You are on the right track : the regular representation turns a vector equality (apply operator to vector gets another vector) into an operator equality (the product of two operators gives another operator).

Do not expect to get everything at once. Again, the good thing about the regular representation is that it is straightforward to build, later on you will learn how to extract the essential information about any representation from a given specific one (chapter roots and weight). It's a long book and an old story. You may also want to use another book, despite the quality of the one you have at hand, other points of view are always helpful.

 

[CarlB]

I bought this book the summer before I started physics grad school and didn't understand it past the first chapter. That fall I signed up for a 1 credit reading course to read it. With a few questions answered once per week it was very easy to understand. Huge difference from self study. I think it would be possible to write a book that worked better for self study.

 

[Prologue]

Yeah, that is basically what I am doing, trying to get a good viewpoint before I start grad work. I'll try to give it a more theoretical read-through and worry about specific details later. Thanks for the help so far. Also, what other books would you recommended?

 

[CarlB]

Also, what other books would you recommended?

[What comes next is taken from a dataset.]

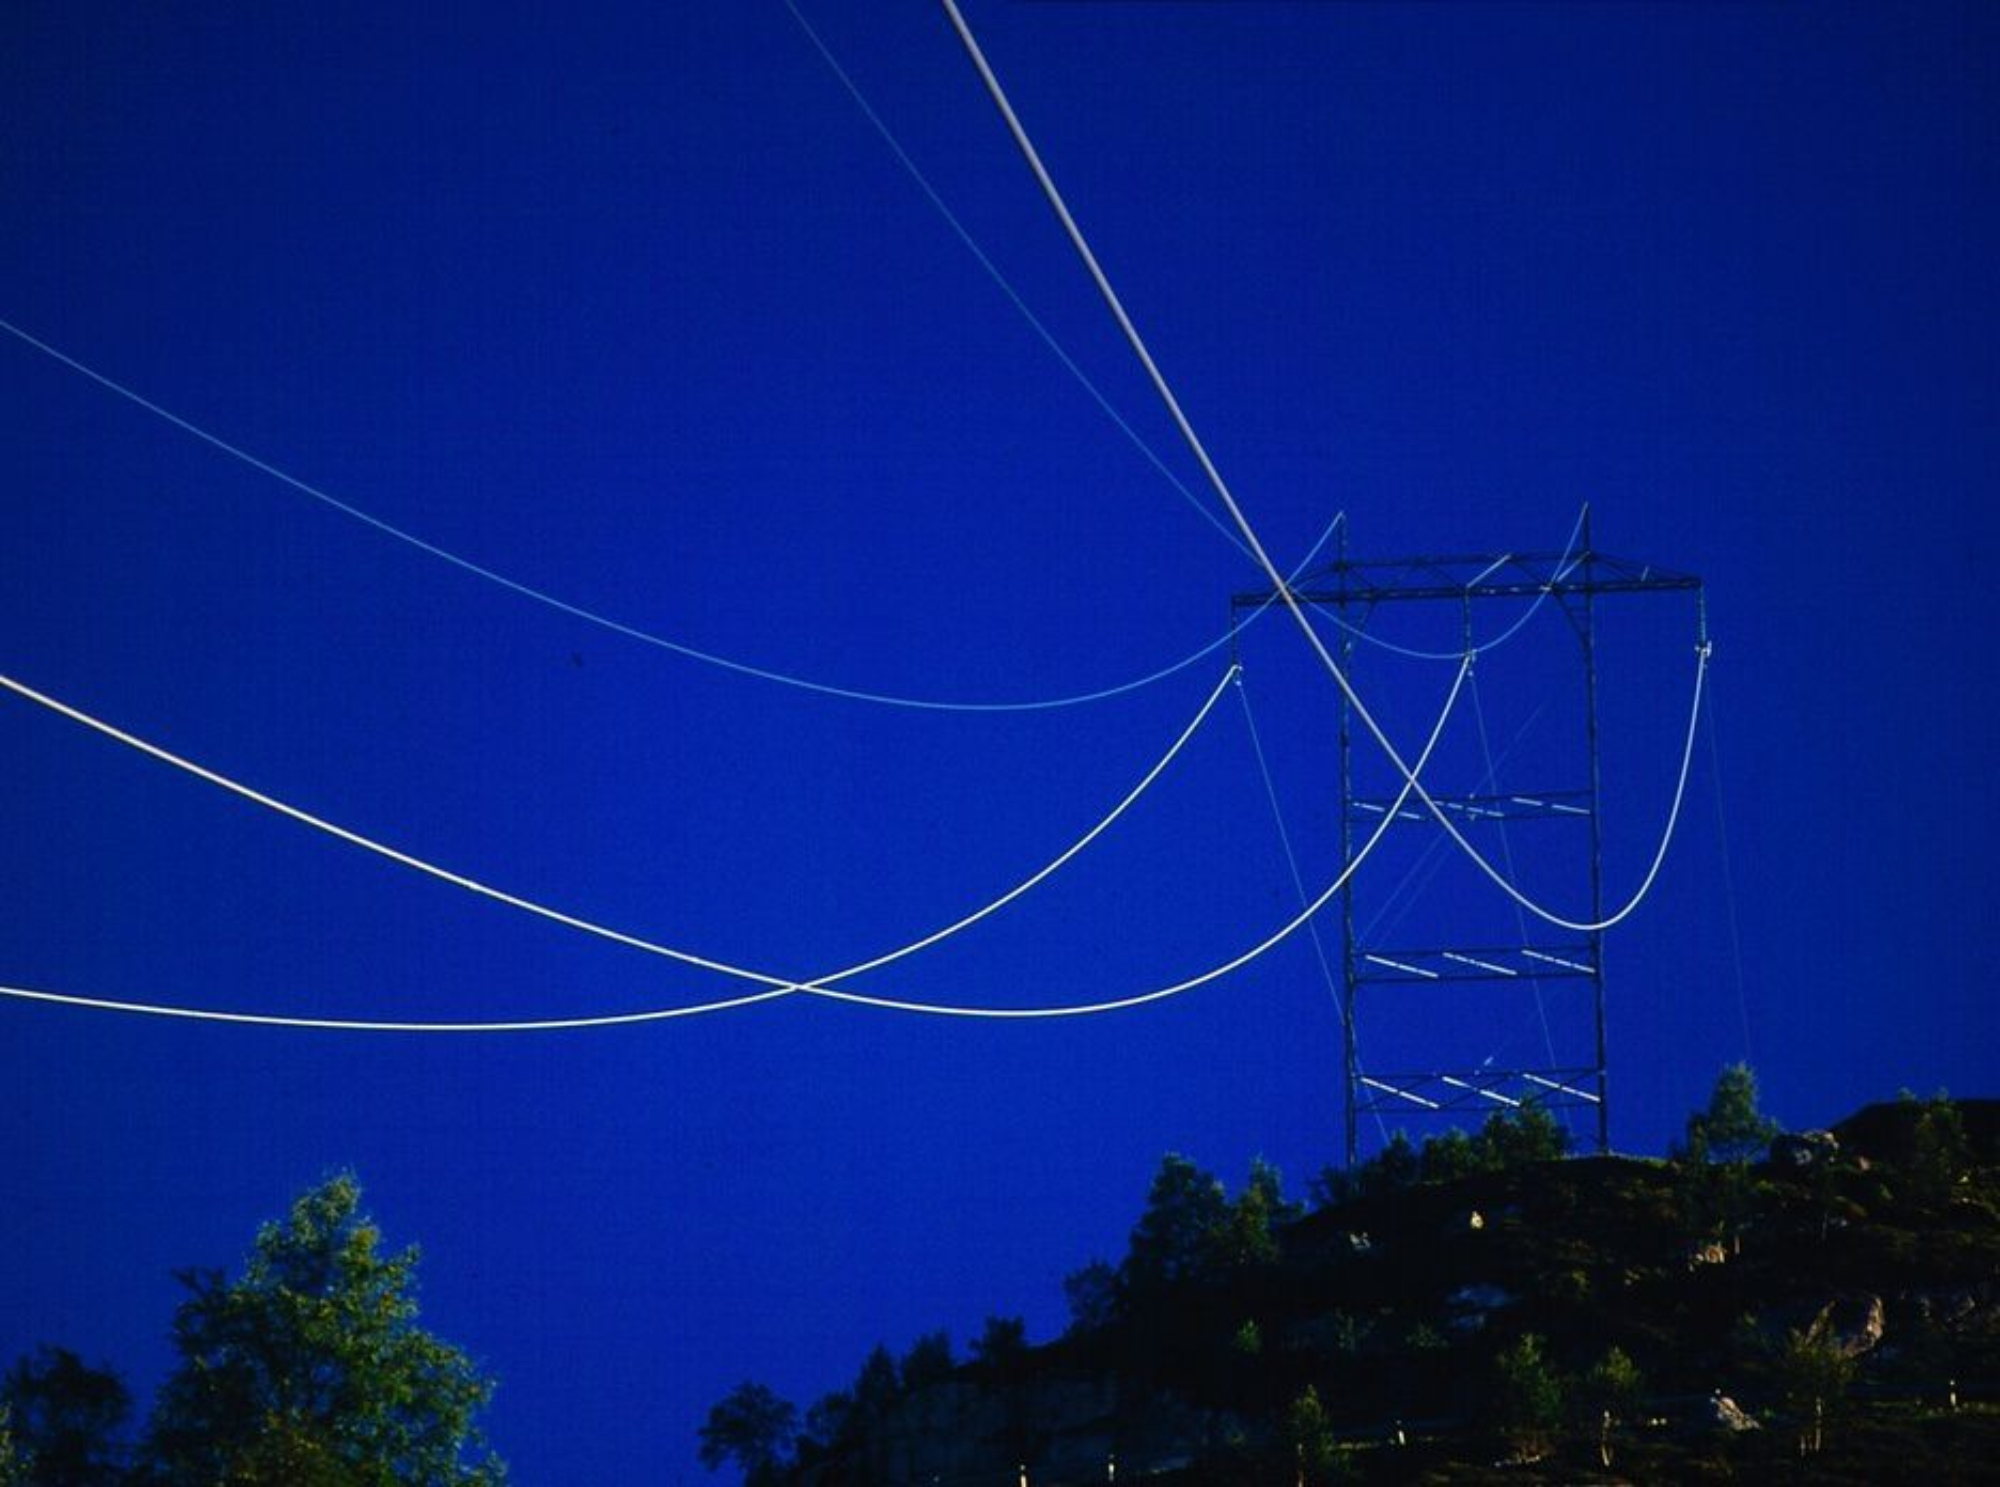 PROBLEMER: Statnett har problemer med to av tre transformatorer på Frogner i Akershus. Det fører til kapasitetsproblemer på strømnettet i området.

The funny thing is that while I more or less majored in symmetry in grad school, since then I've drifted to a different assumption about the foundations of elementary particles, geometry. Symmetry is very general; following Noether, any reasonable differential equation has some symmetry (translational and rotational at least). So physics, like a practical engineer, takes data and then looks to see if a symmetry can be fit to it.

But I eventually realized that there are very simple differential equations which have rather complicated symmetries. In fact this is the usual case. An example is Newton's gravitation; the differential equation is much simpler than the equations for the conserved quantities (i.e. energy, angular momentum).

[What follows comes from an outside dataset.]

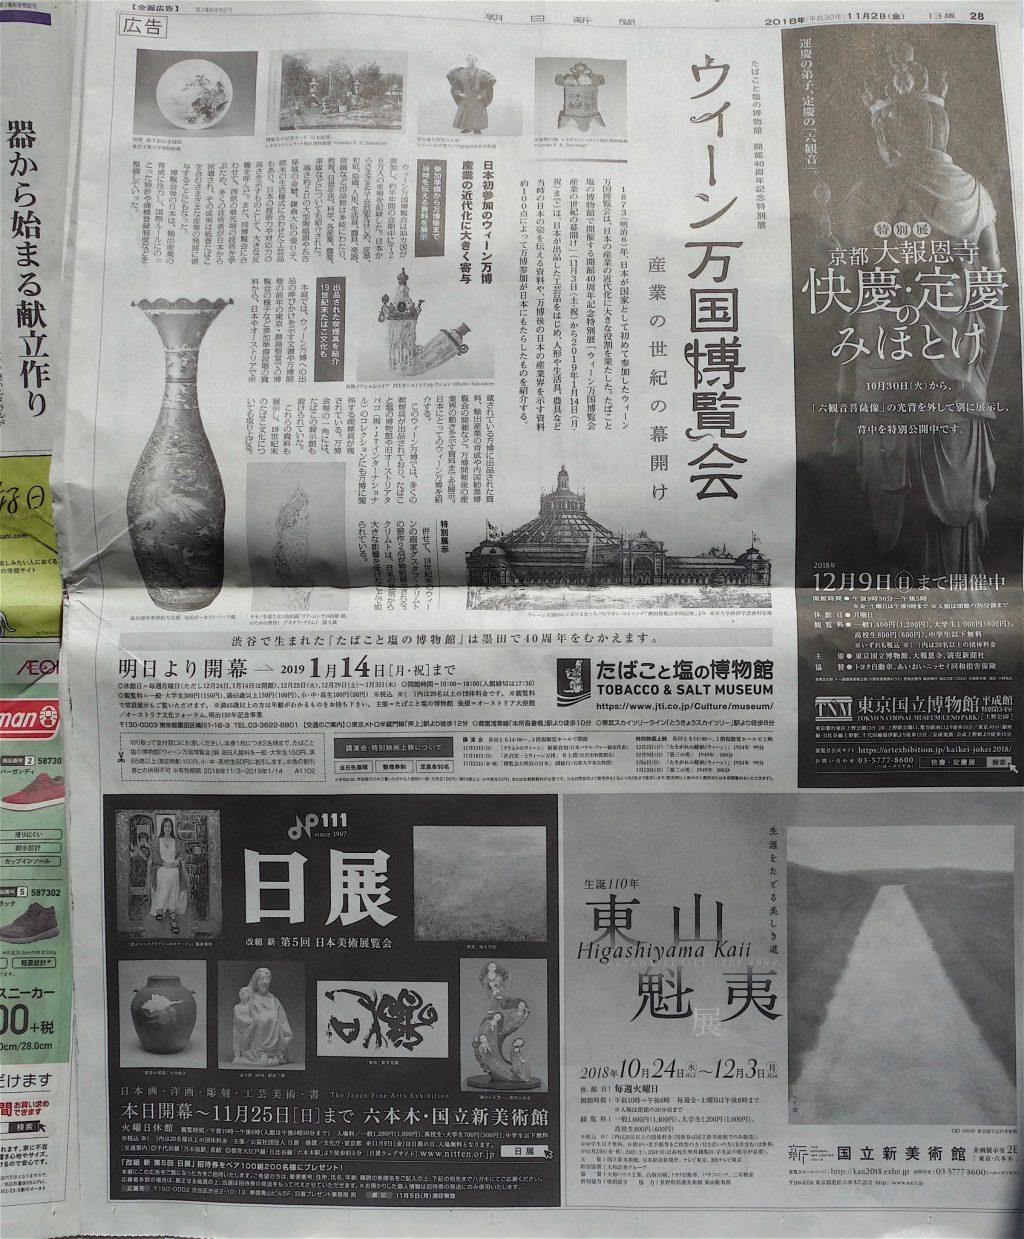 日展の一色広告 @ 朝日新聞2018年11月2日

And differential equations have information not present in their symmetries. For example, symmetry will give you the structure of the excitations of hydrogen by orbital angular momentum, but to actually get the energy levels you need to guess the differential equation, that is, the Coulomb interaction.

If it's the case that the underlying differential equation is simpler than the symmetries (and approximate symmetries) it produces, then it might be possible to guess that differential equation. One would then check that the guess produces the observed symmetries and use the guess to evaluate things that are now considered arbitrary constants determined by experiment.

So I decided that an under researched (and therefore easily published) idea was to try to describe the elementary particles entirely from geometry and quantum mechanics with no use of symmetry other than the symmetry of space-time (or maybe just space). For example, see my recently accepted paper proposing a relationship between spin-1/2 and the 3 generations. This is quantum field theory, but on a finite space instead of the usual infinite position / momentum space. I think this makes it an easier intro to QFT:
http://arxiv.org/abs/1006.3114

I started writing a book giving a geometric foundation to the standard model but I quit working on it when I concluded that no one was going to read it until I published the details in peer reviewed journals. So it's kind of dated and incomplete, but it gives a good explanation of what spinors really are, from a geometric point of view, and it is intended to be understood by beginning grad students:
www.brannenworks.com/dmaa.pdf

I should probably add that I didn't finish my PhD. I passed the examinations (at U. Cal., Irvine) but couldn't decide on a thesis and left to do engineering. I just took the general GREs and intend on starting grad school again in fall 2011.